DATA SECTION Start Marker
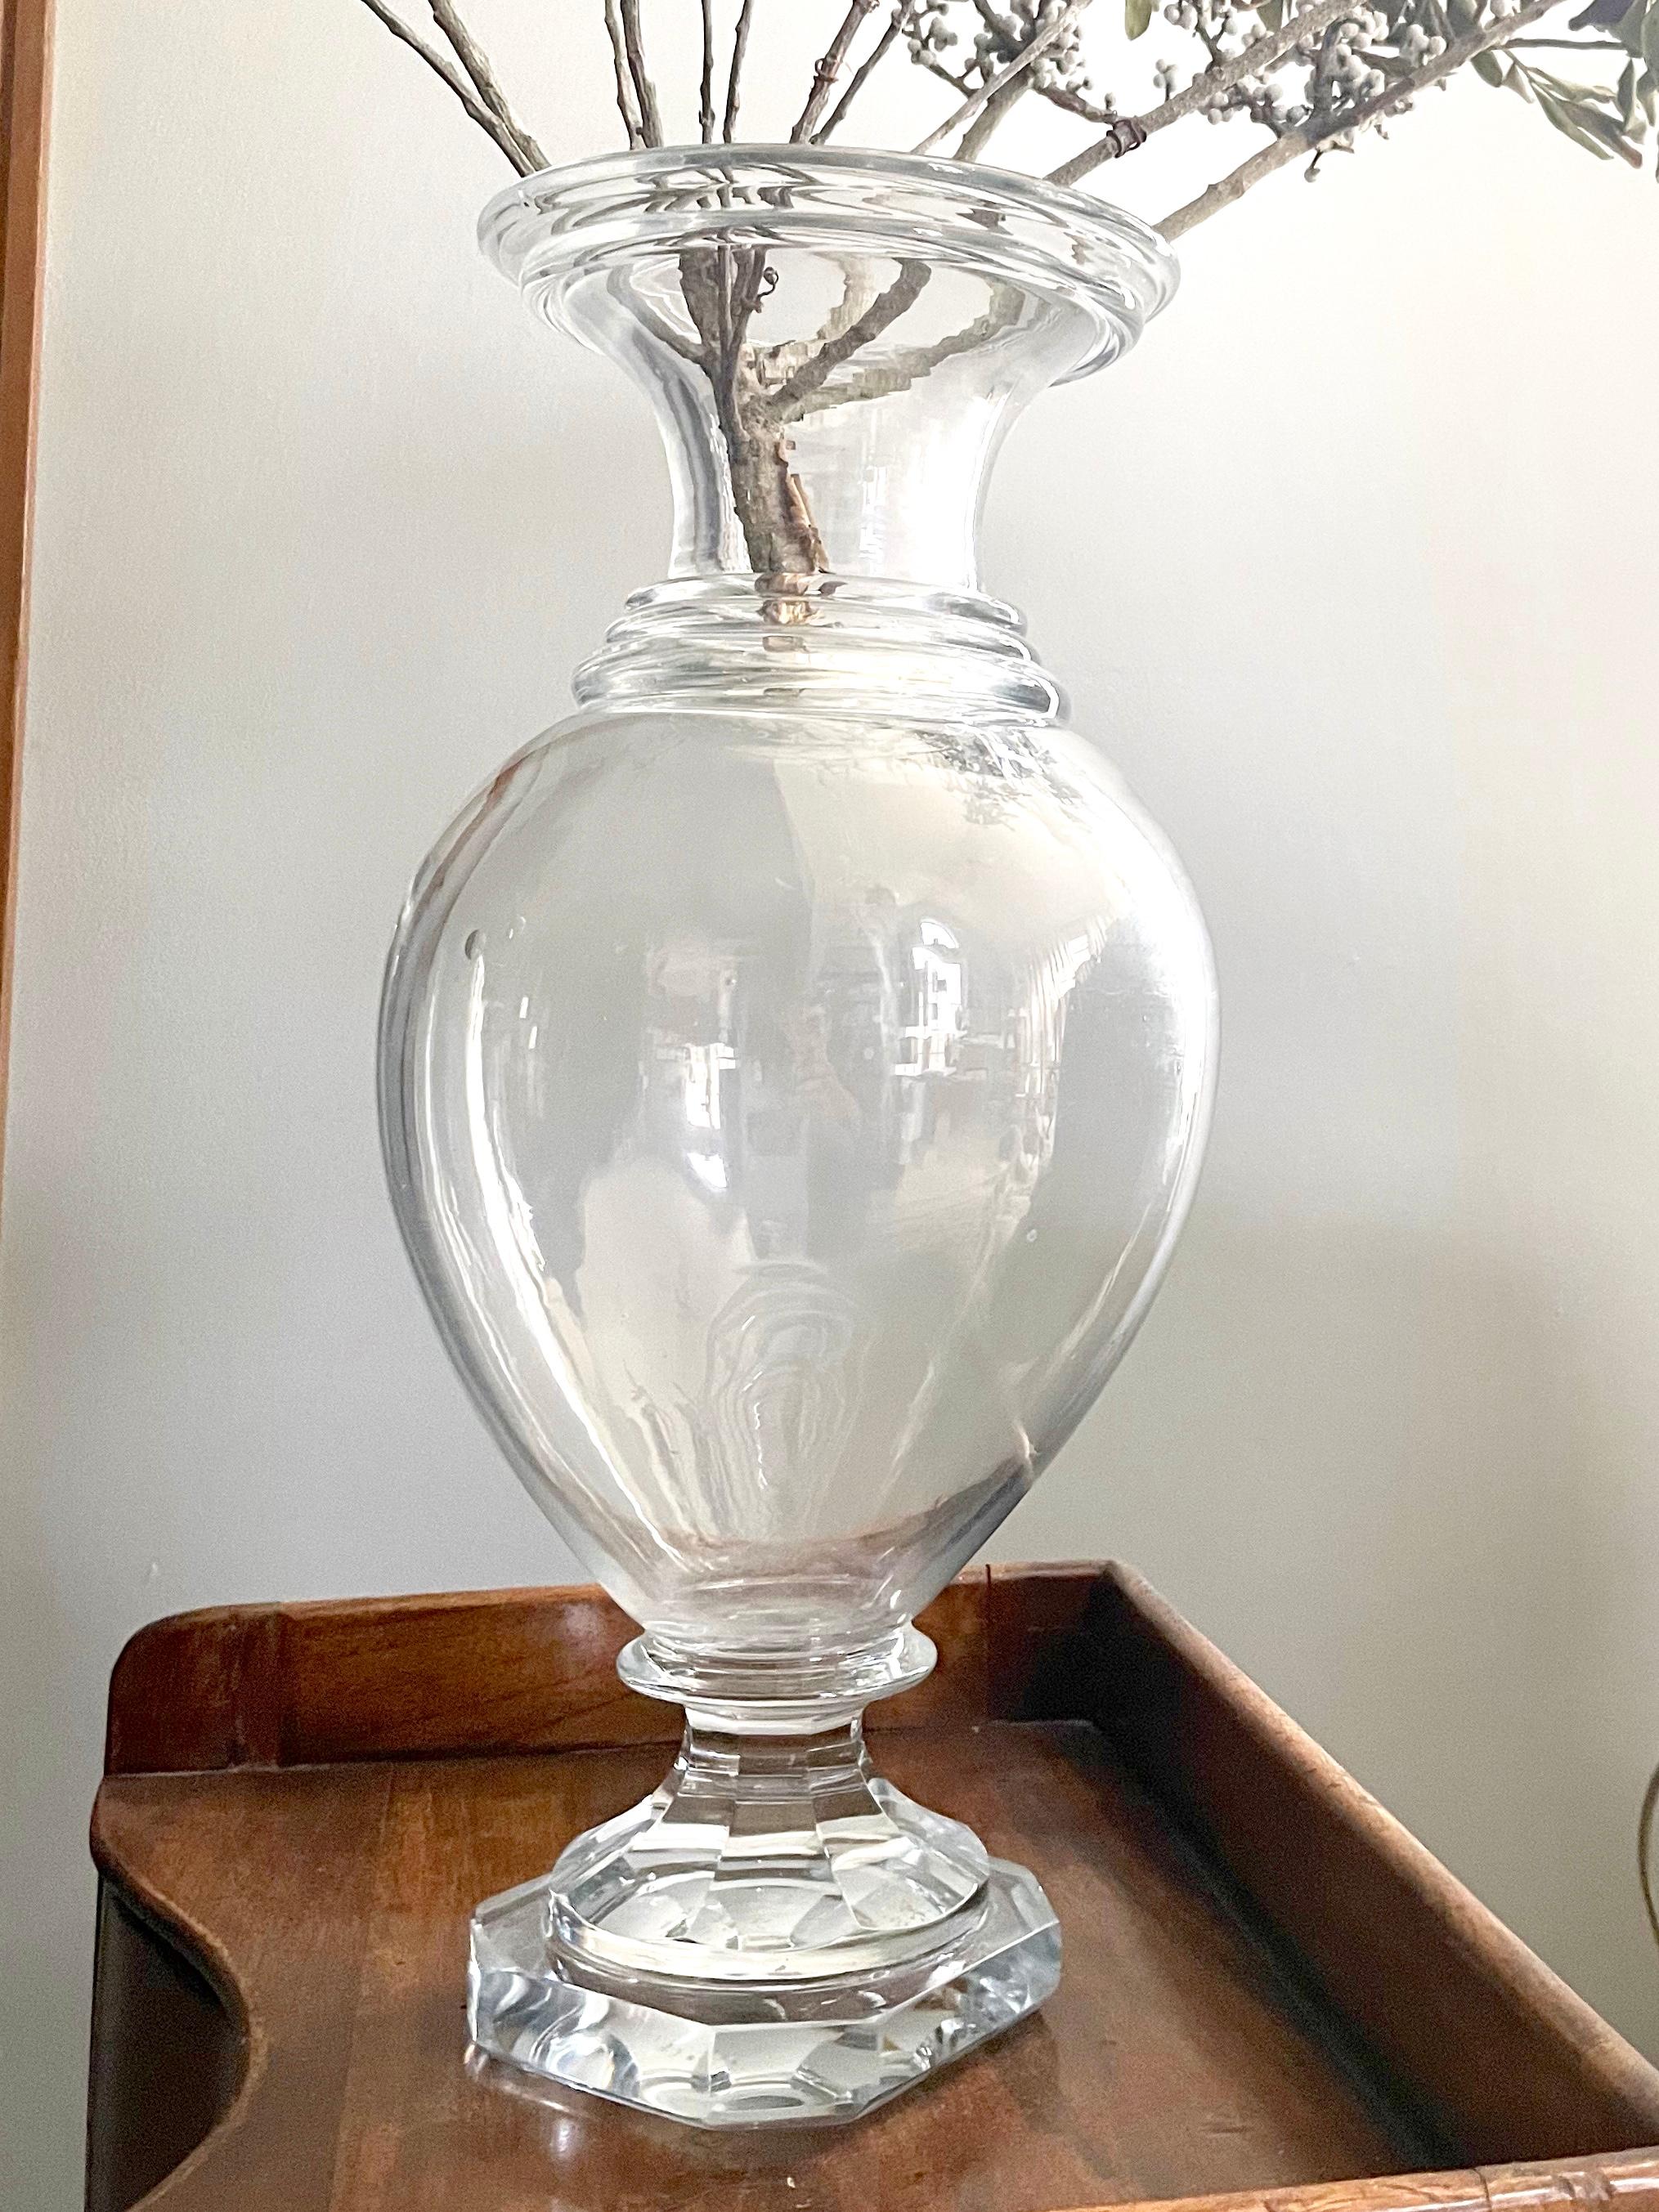 Antique Bacarat crystal vase. Baluster form neoclassical style tall French crystal vase with banded neck and rim with thick cut octagonal form base. France 1840’s
Dimensions:15.25” H x 7” diameter body; 6.38” diameter top & 4.38” diameter base.
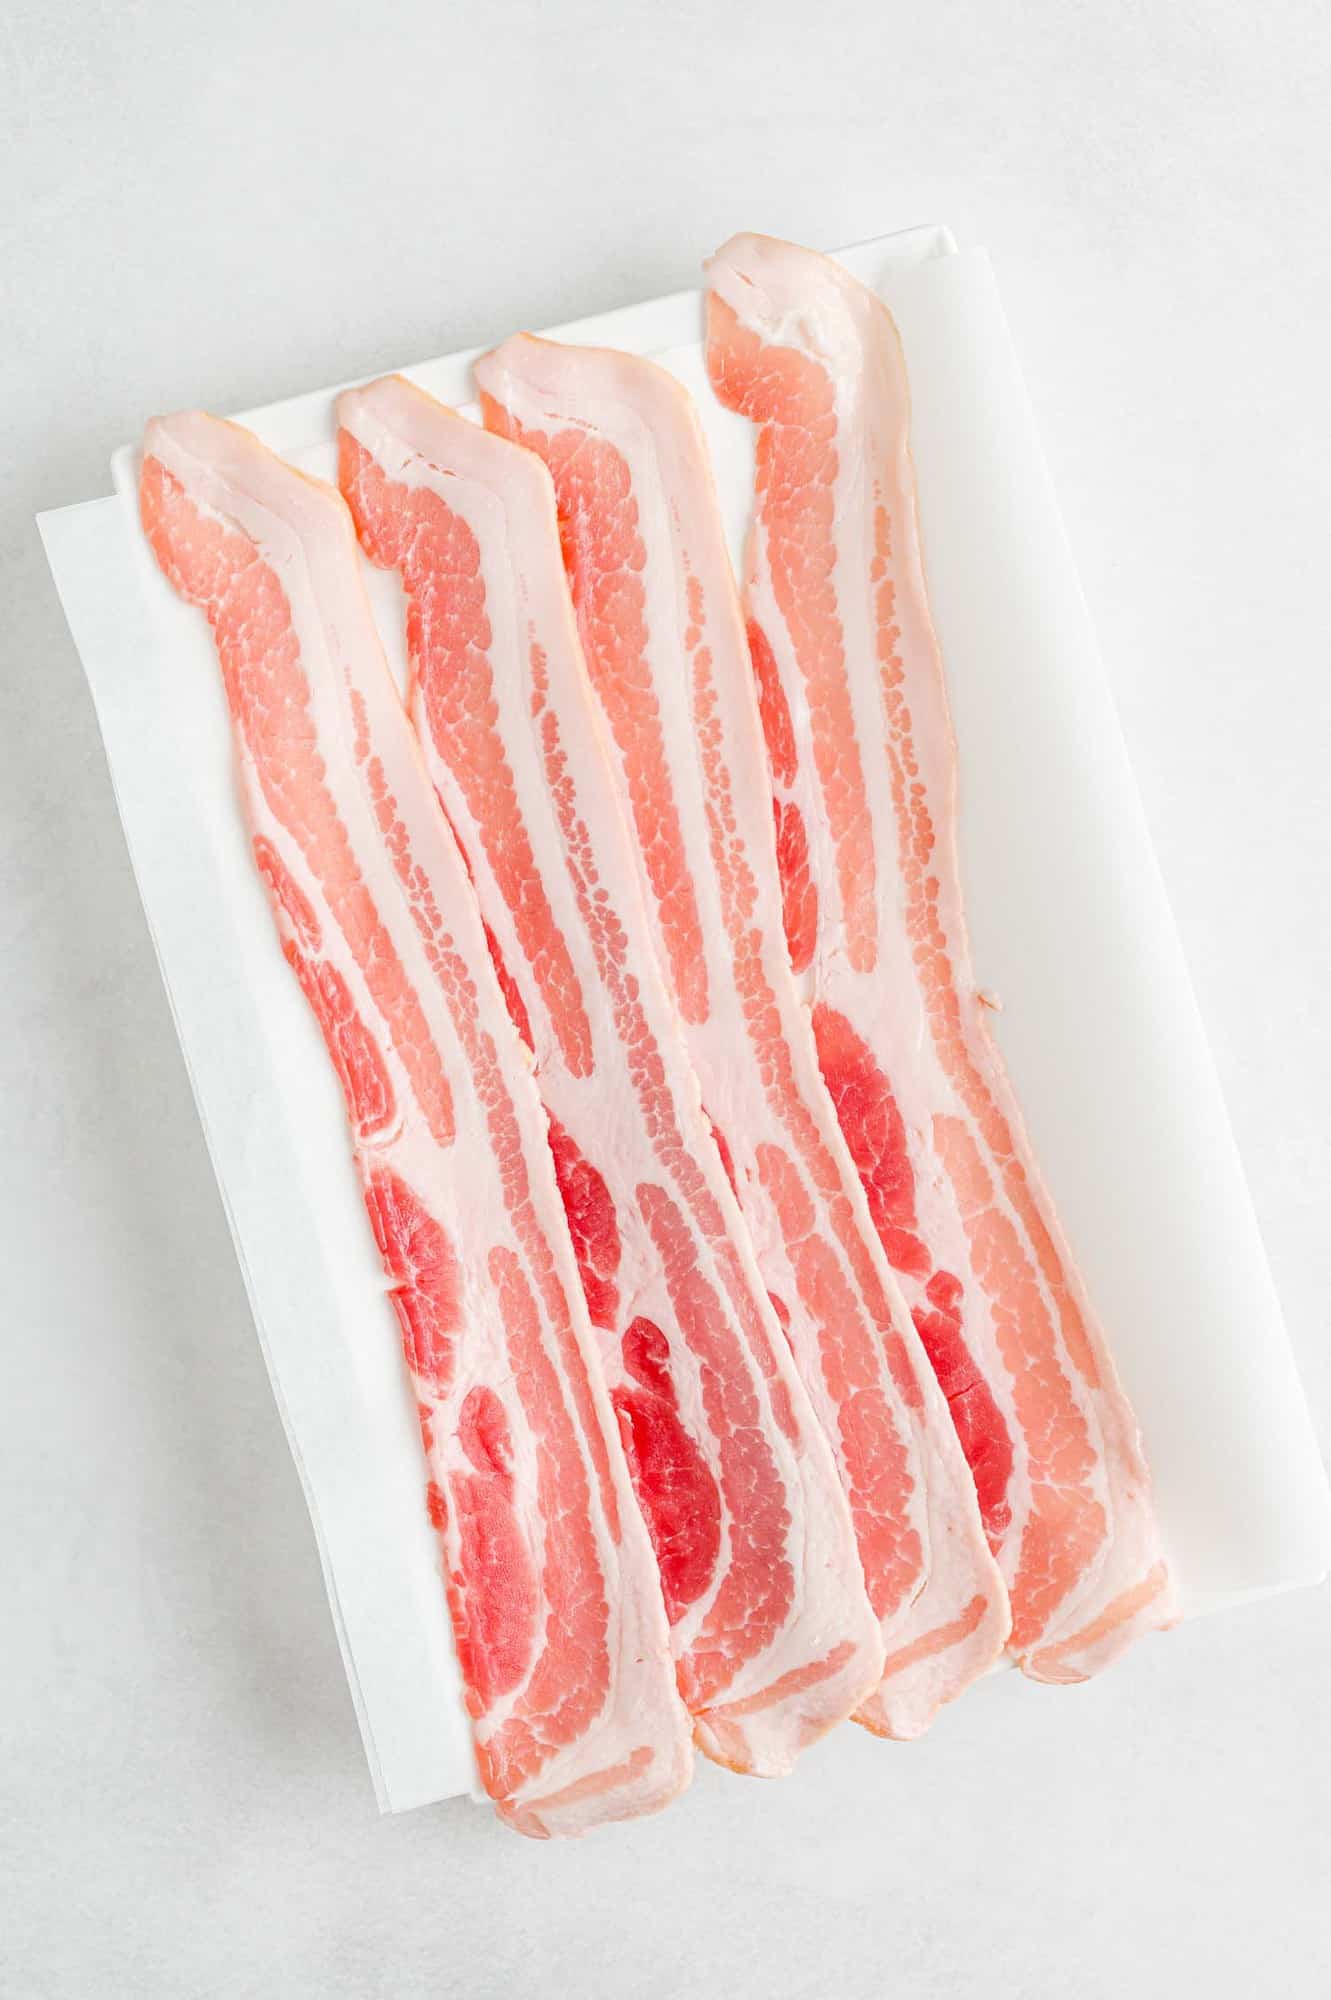 Uncooked bacon.
DATA SECTION End Marker
→ BRIEF
Only the lines from the one containing "diameter top &" through the end of the listing should be output, word for word and inclusive; keep pictures out.

→ RESULT FOR THIS EXERCISE
Dimensions:15.25” H x 7” diameter body; 6.38” diameter top & 4.38” diameter base.
 Uncooked bacon.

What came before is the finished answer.